Health care is all the goods, services and payment mechanisms that support a person’s goal of achieving and maintaining good health. The broad landscape includes physician offices, hospitals, labs and radiology centers, pharmacies and pharmaceutical companies. It also includes group purchasing organizations, pharmacy benefit managers and corporate healthcare systems. It is in this landscape that insurance has inserted itself and, in 100 percent of interactions with people, has not been necessary. The ultimate ends of health insurance are improved individual and population outcomes, and to that extent it has succeeded. However, it is impossible to isolate its contributions to success in these goals because health outcomes are determined by many factors, most of which do not have anything to do with insurance or with medical procedures or costs.
One of the key questions is what priority should governments place on health care amidst other areas competing for funding, laws and policies, such as defense, education and commerce. Then there are the more narrow allocation questions, such as whether to spend money on specific programs, facilities and technologies. These allocation decisions are not just about spending but also about what to focus on, and how and where new clinics should be stationed, or what algorithms should be used to match organ donors with recipients.

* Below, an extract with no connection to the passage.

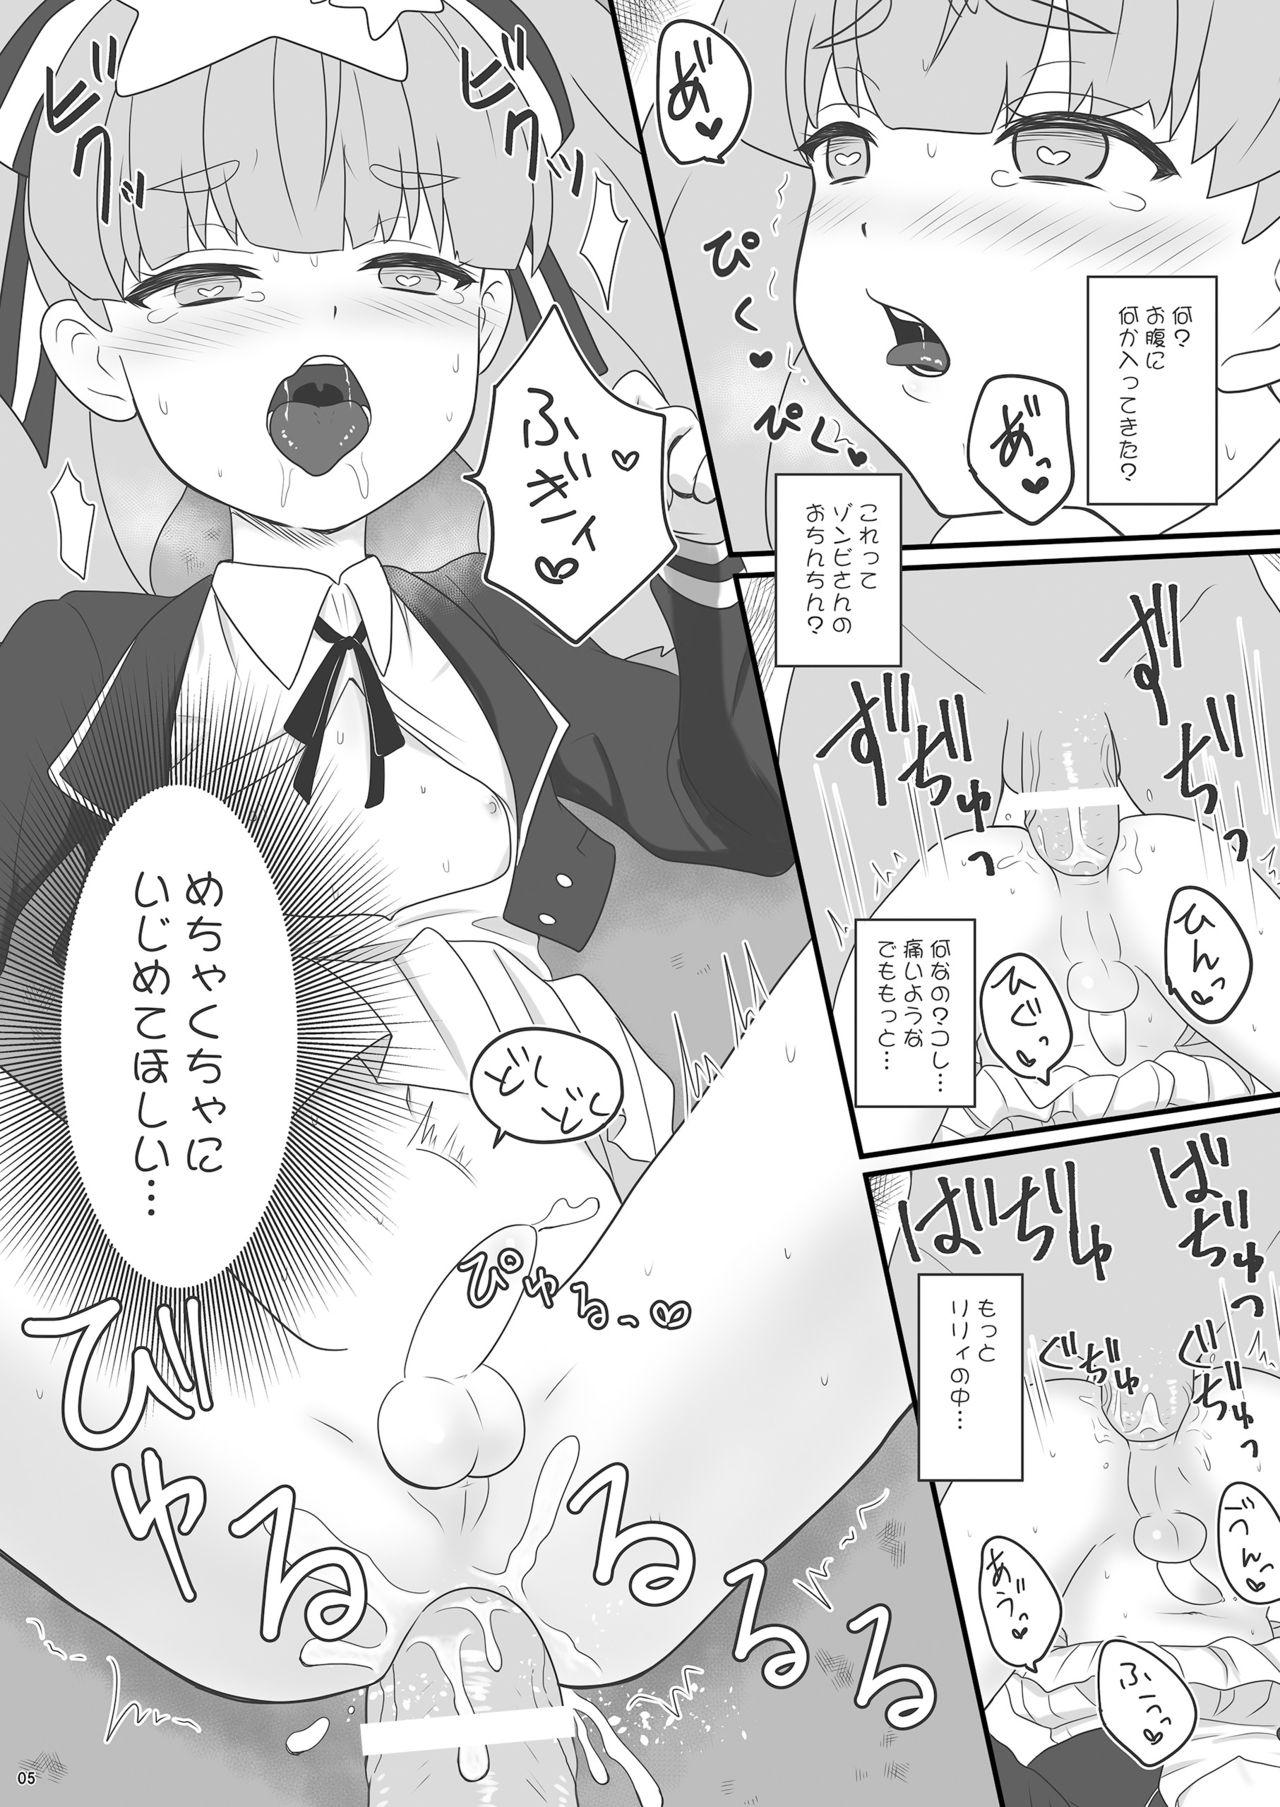 Escort Zonsagariryi-chan ga zonbi ni tane tsuke sa reru manga - Zombie land saga Sapphic Erotica - Page 5
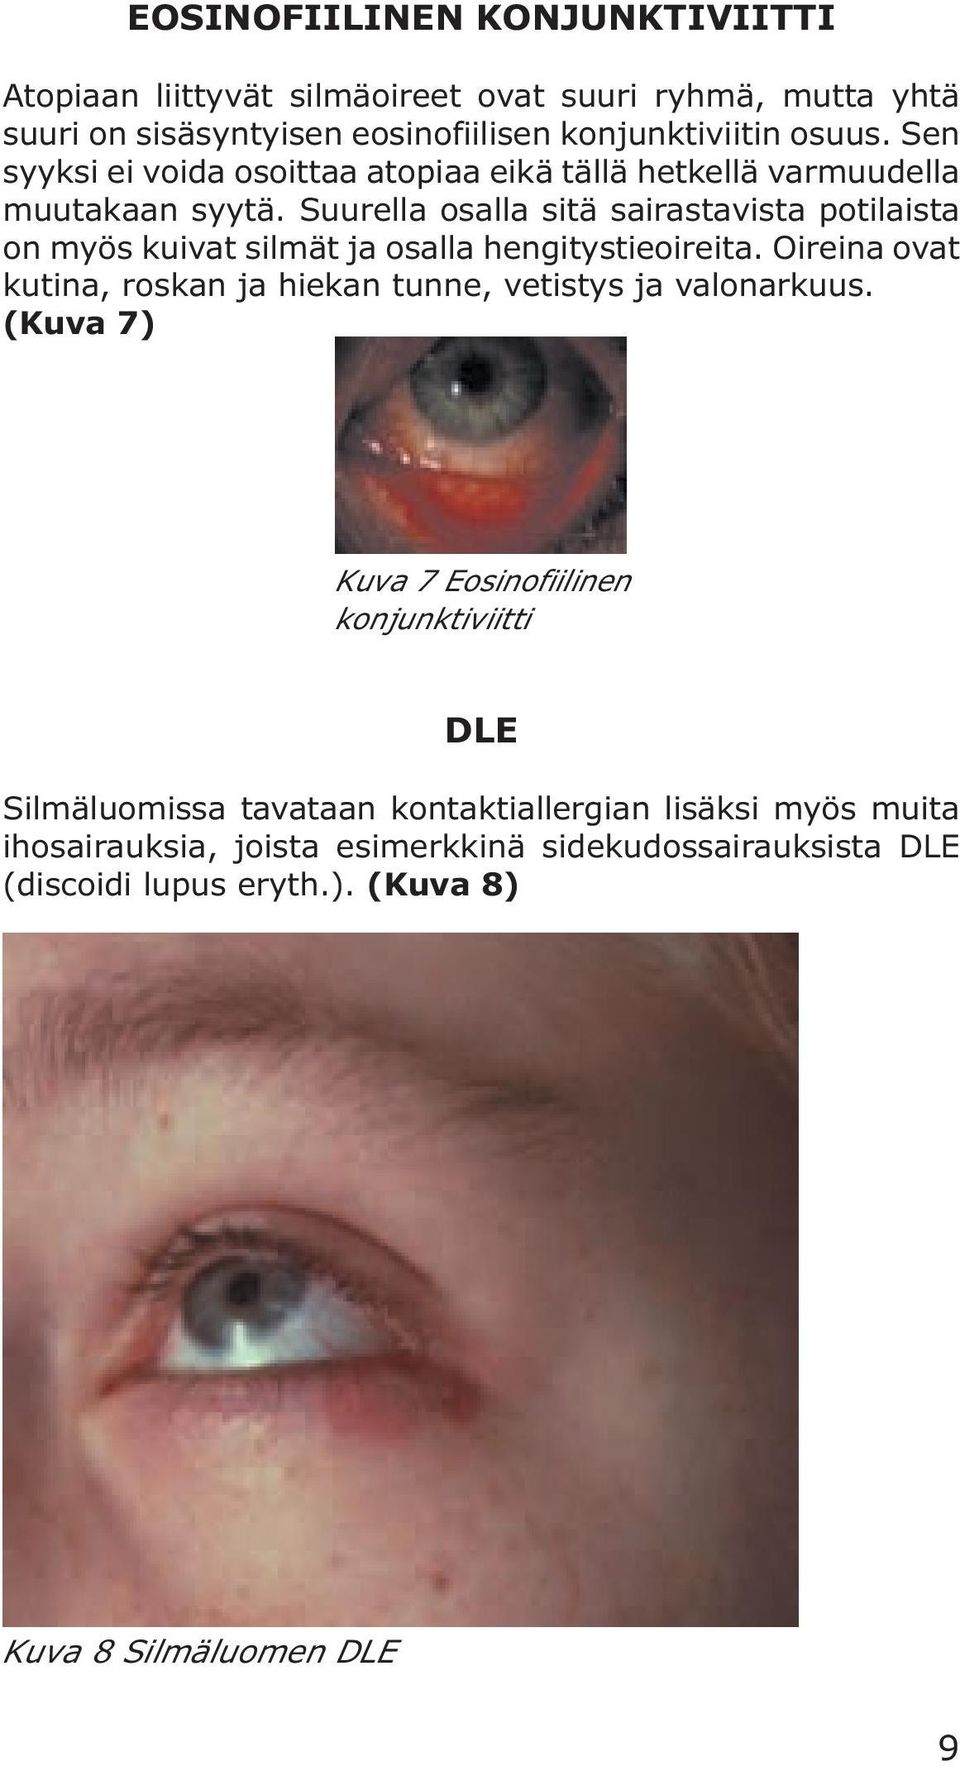 Suurella osalla sitä sairastavista potilaista on myös kuivat silmät ja osalla hengitystieoireita.

Some people believe that healthcare is like any other consumer product or service (blenders, oil changes) that some can afford and others can’t. They would prefer to let individuals decide what they need and then buy their own health care from the most cost effective providers. Others, on the other hand, believe that healthcare is a public good, like highways and education, and that the government has a moral obligation to provide it for all.
In the latter case, most countries have a mix of public and private health care systems. In some of these, private providers operate under a governmental license and are reimbursed for their work by the government, while in other countries the entire system is publicly funded through mandatory contributions to a health fund from all workers.
The RAND Corporation defines a healthcare system as two or more healthcare organizations affiliated for the purpose of managing care delivery, payment and operations. In some cases, the organizations are owned by the same entity; for example, a hospital and physician organization might be members of the same health system. In other cases, the organizations are separate but share a common mission or ownership structure, and contract with each other to manage care. The term is often used to refer to large-scale integrated care systems that include multiple hospitals and physicians. These systems can vary in size, scope and complexity. They may include a variety of clinical and nonclinical services, such as community outreach, mental health and substance use disorder treatment, medical education, and community partnerships. They can also have administrative functions, such as a shared IT infrastructure and data analytics capabilities. They are often referred to as Accountable Care Organizations in the United States.